Measuring thread performance in C can use the timing tools, performance analysis tools, and custom timers in the standard library. 1. Use the library to measure execution time. 2. Use gprof for performance analysis. The steps include adding the -pg option during compilation, running the program to generate a gmon.out file, and generating a performance report. 3. Use Valgrind's Callgrind module to perform more detailed analysis. The steps include running the program to generate the callgrind.out file and viewing the results using kcachegrind. 4. Custom timers can flexibly measure the execution time of a specific code segment. These methods help to fully understand thread performance and optimize code.

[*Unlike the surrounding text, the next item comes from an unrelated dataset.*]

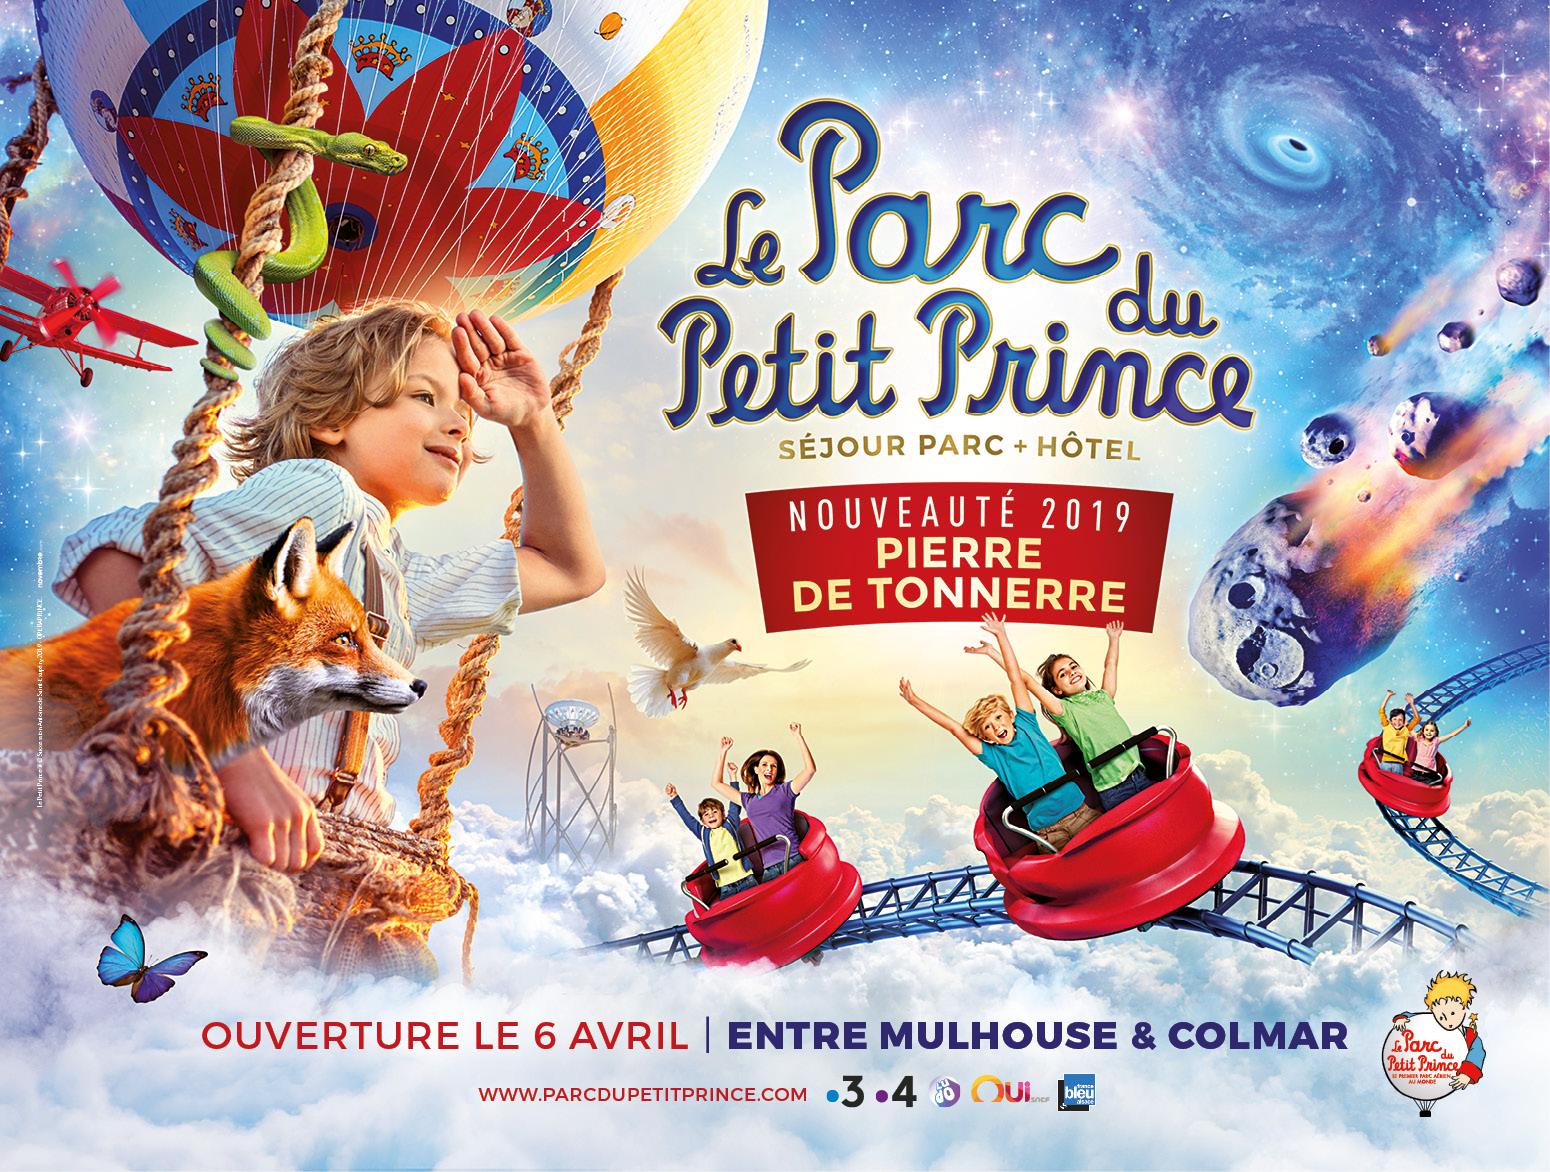 Der Park des kleinen Prinz

Bitcoin’s price ranges from $20,000 to $30,000. 1. Bitcoin’s price has fluctuated dramatically since 2009, reaching nearly $20,000 in 2017 and nearly $60,000 in 2021. 2. Prices are affected by factors such as market demand, supply, and macroeconomic environment. 3. Get real-time prices through exchanges, mobile apps and websites. 4. Bitcoin price is highly volatile, driven by market sentiment and external factors. 5. It has a certain relationship with traditional financial markets and is affected by global stock markets, the strength of the US dollar, etc. 6. The long-term trend is bullish, but risks need to be assessed with caution.

MeMebox 2.0 redefines crypto asset management through innovative architecture and performance breakthroughs. 1) It solves three major pain points: asset silos, income decay and paradox of security and convenience. 2) Through intelligent asset hubs, dynamic risk management and return enhancement engines, cross-chain transfer speed, average yield rate and security incident response speed are improved. 3) Provide users with asset visualization, policy automation and governance integration, realizing user value reconstruction. 4) Through ecological collaboration and compliance innovation, the overall effectiveness of the platform has been enhanced. 5) In the future, smart contract insurance pools, forecast market integration and AI-driven asset allocation will be launched to continue to lead the development of the industry.